Once your AMI is changed, your nodes will not switch to the new AMI automatically. You can force this change by recreating you nodes (replace the autoscaling_group_name
and aws_region
in the commands below):
./shell
aws autoscaling start-instance-refresh --auto-scaling-group-name={autoscaling_group_name} --region={aws_region}
To retrieve your autoscaling group name, run:
aws autoscaling describe-auto-scaling-groups --region={region} | jq ".AutoScalingGroups[] | .AutoScalingGroupName"
Couldn't get current server API group list: the server has asked for the client to provide credentials¶
Problem: This error can occur if the kubeconfig-private.yml
is out of sync and you try to run ./kubectl
commands.
E0904 12:42:41.259776 22 memcache.go:265] couldn't get current server API group list: the server has asked for the client to provide credentials
Solution: Remove the kubeconfig-private.yml
file and regenerate it using ./tf init
cd my-cluster/control/
rm ../kubeconfig-private.yml
./tf init
Modify files inside LMS or CMS pod and see changes without redeployment¶
Sometimes, to debug issues in live instances, we need to make changes to files inside the pod and see the changes without redeployment. This can be done in any LMS or CMS pod by following these steps:
- Install an editor in the pod to edit files;
apt-get
does not work due to permission issues. You can use pyvim, a pure Python Vim clone, which is available on GitHub. Runpip install pyvim
to install it. - Edit any file inside the pod, for example,
/openedx/edx-platform/lms/envs/common.py
, using pyvim. - Restart the uwsgi process by running
kill -HUP 1
, then refresh your browser to see the changes live.
Warning
Any changes made to files in a pod will be lost in the next deployment. This method should only be used for debugging issues.
Rolling back helm charts¶
Problem: You might need to do this for example when ./tf apply
is timing out while trying to upgrade a helm chart to a newer version. You might also get messages like Provider produced inconsistent result after apply
or another operation (install/upgrade/rollback) is in progress
. The cluster might be stuck in a broken state, so you would want to rollback the chart to recover it, while you're looking for a solution.
Solution:
TLDR:
cd control/
./helm list -aA
./helm history -n <namespace> <name>
./helm rollback -n <namespace> <name> <revision number>
Navigate to /control
directory of your Grove cluster repo. If you don't have helm
symlink, create it by running ln -s ../grove/wrapper-script.rb helm
.
Then you want to get a list of all releases that are installed - ./helm list -aA
. Most of the time you won't be sure in which namespace the broken/stuck release is in, so it's very important to run the command with the -aA
flag to list ALL installed releases (this is the step that many got stuck before).

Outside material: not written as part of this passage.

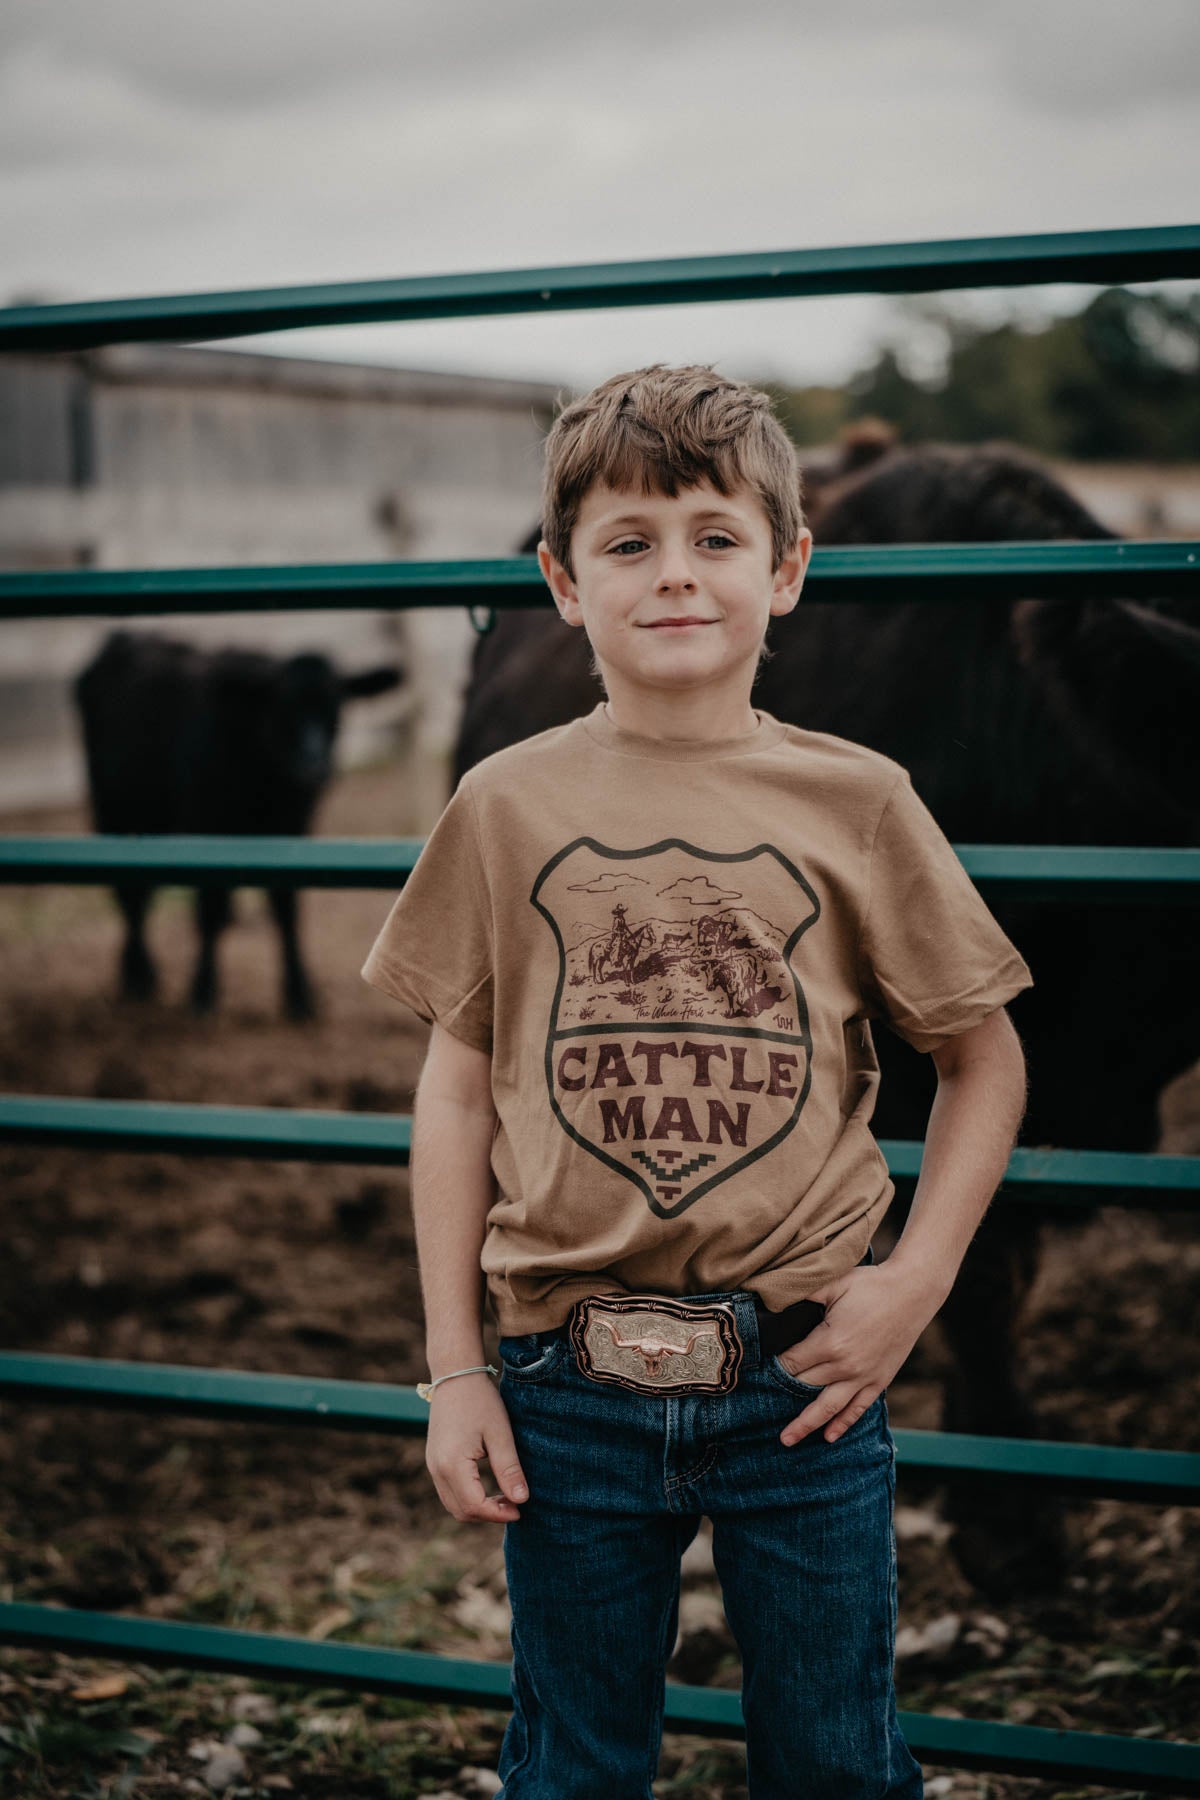 'Cattleman' Kids Brown Graphic T-shirt (2T to Youth M)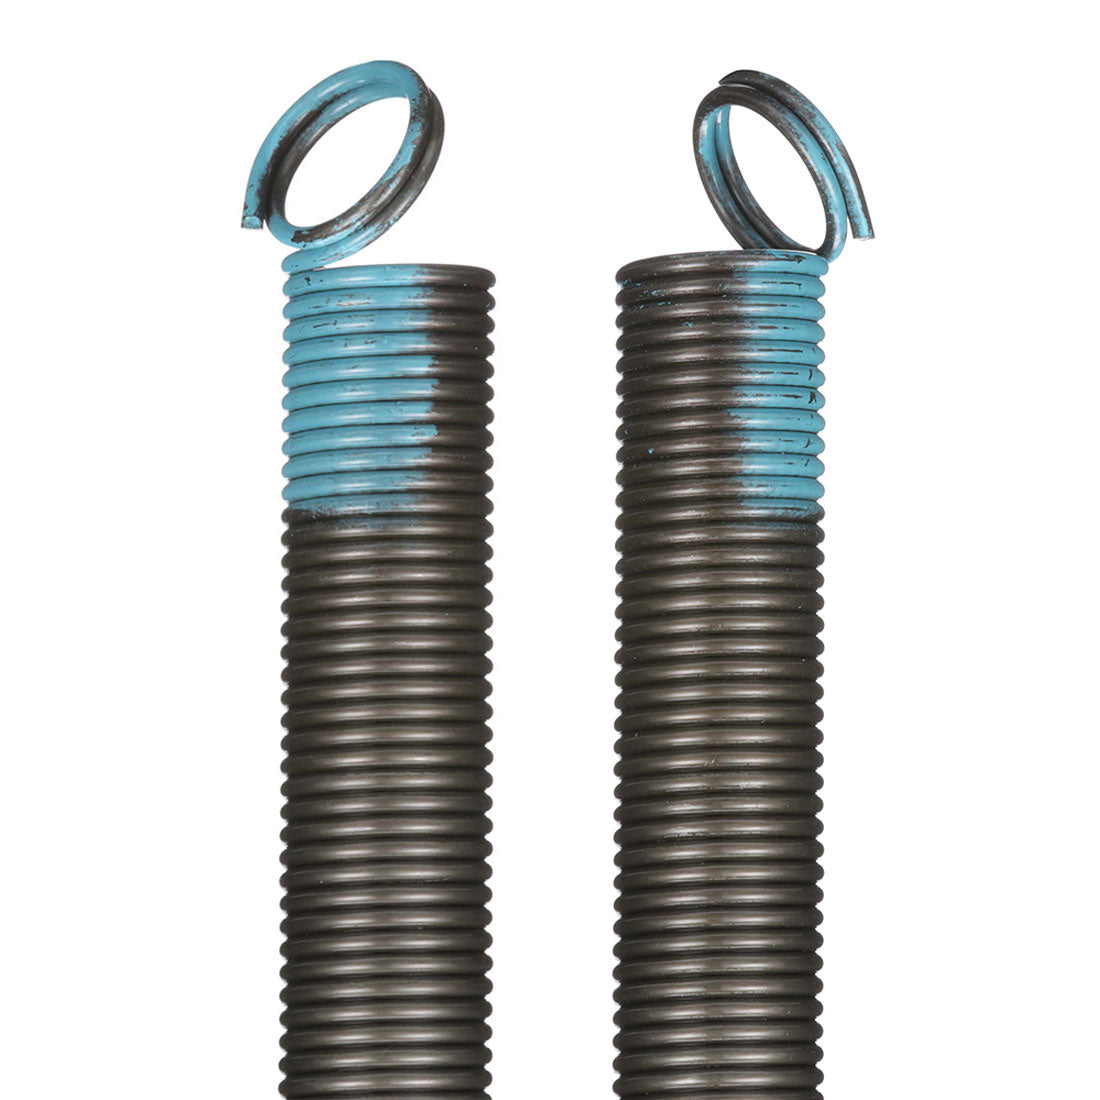 DURA-LIFT 90 lb Heavy-Duty Doubled-Looped Garage Door Extension Spring (2-Pack)

Look for any releases where status is not deployed
and note their name and namespace. Checking revision, updated date and app version might also be helpful for debugging.
Before rolling back, you would want to see the history of the revisions to see which one is the last healthy one (this is important if you're doing it multiple times and it also might give you a bit more information one where things went wrong). For that you would want to run ./helm history -n <namespace> <name>
.
Lastly, to rollback you would run ./helm rollback -n <namespace> <name> <revision number>
.
Unfortunately, helm doesn't give almost any logs about what went wrong, so you will have to figure it out yourself. Usually, creation/modification/deletion of some resources went wrong, so kubectl get/describe
is your best friend. Look for resources that look stuck and then try to figure out why. Sometimes (although very rarely) the nodes themselves could be stuck, so you might need to terminate them via AWS/DO UI.